Browsing your workspace

list my Opik projects

what was the most recent trace logged to the "demo" project?

show me trace <trace-id>

Scoring, commenting, saving prompts

score trace <trace-id> 0.9 on helpfulness with reason "great recovery"

comment "retry with temperature=0" on span <span-id>

save the following text as a new version of the "rerank-system" prompt: ...

For the full set of write operations and their payload shapes, ask the host "show me the schema for trace.create" (calls the schema tool) or see the README.

Asking Ollie

For investigative or cross-entity questions:

why are spans in the "demo" project slower this week than last?

compare experiments "rerank-v2" and "rerank-v3" on factuality

ask_ollie returns a thread_id you can pass back on follow-ups to preserve context. For more about Ollie itself, see Ollie. See Ollie & auto-approve below before running write-style prompts in shared workspaces.

Ollie & auto-approve

By default, writes that Ollie performs mid-stream (scores, comments, prompt versions, test-suite items) execute without a per-action confirmation step. Each auto-approved write is logged as a JSON audit row on the opik_mcp.audit Python logger.

To require manual confirmation instead, set OPIK_MCP_AUTO_APPROVE=disabled in the server's env block. Ollie's confirmation requests then surface as typed errors that you can re-issue manually.
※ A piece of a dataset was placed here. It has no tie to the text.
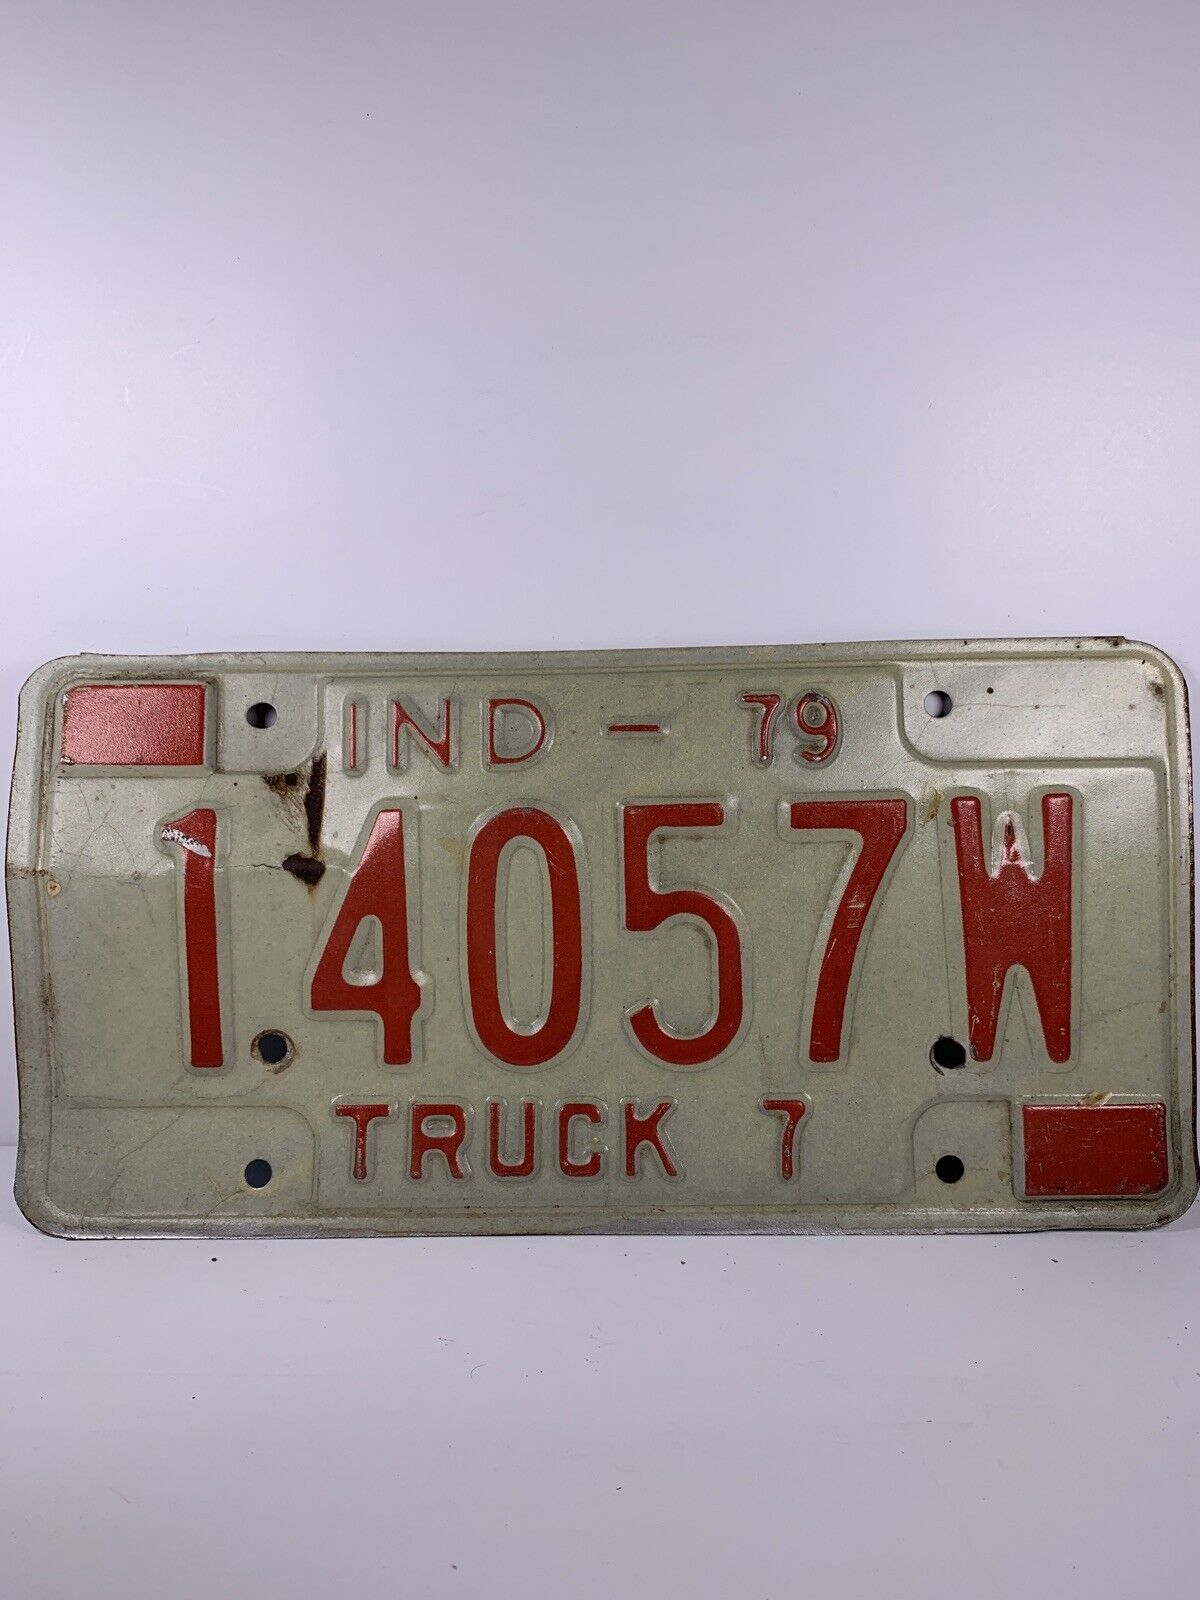 Vintage Original Indiana 1979 Year Truck License Plate 14057W Red White IND

ask_ollie and run_experiment are available on Comet Cloud only — on self-hosted those calls fail at dispatch; use read / list / write directly.

Known host limits

  • Cursor enforces a 60-second hard tool-call timeout that does not reset on progress notifications. Long ask_ollie turns will fail on Cursor. For long-running investigations, use Claude Code or VS Code Copilot.

Example conversation

A typical investigative loop using Claude Code:

You: Why did the experiment "gpt-4o-rerank-v3" regress on factuality?

Claude: (calls ask_ollie) Three traces failed because the reranker dropped the system message. The remaining 12 traces scored above 0.8…

You: Score the bottom 3 traces 0.2 with reason "dropped system message".

Claude: (calls write with score.create ×3) Done — three scores recorded on traces <id-1>, <id-2>, <id-3>.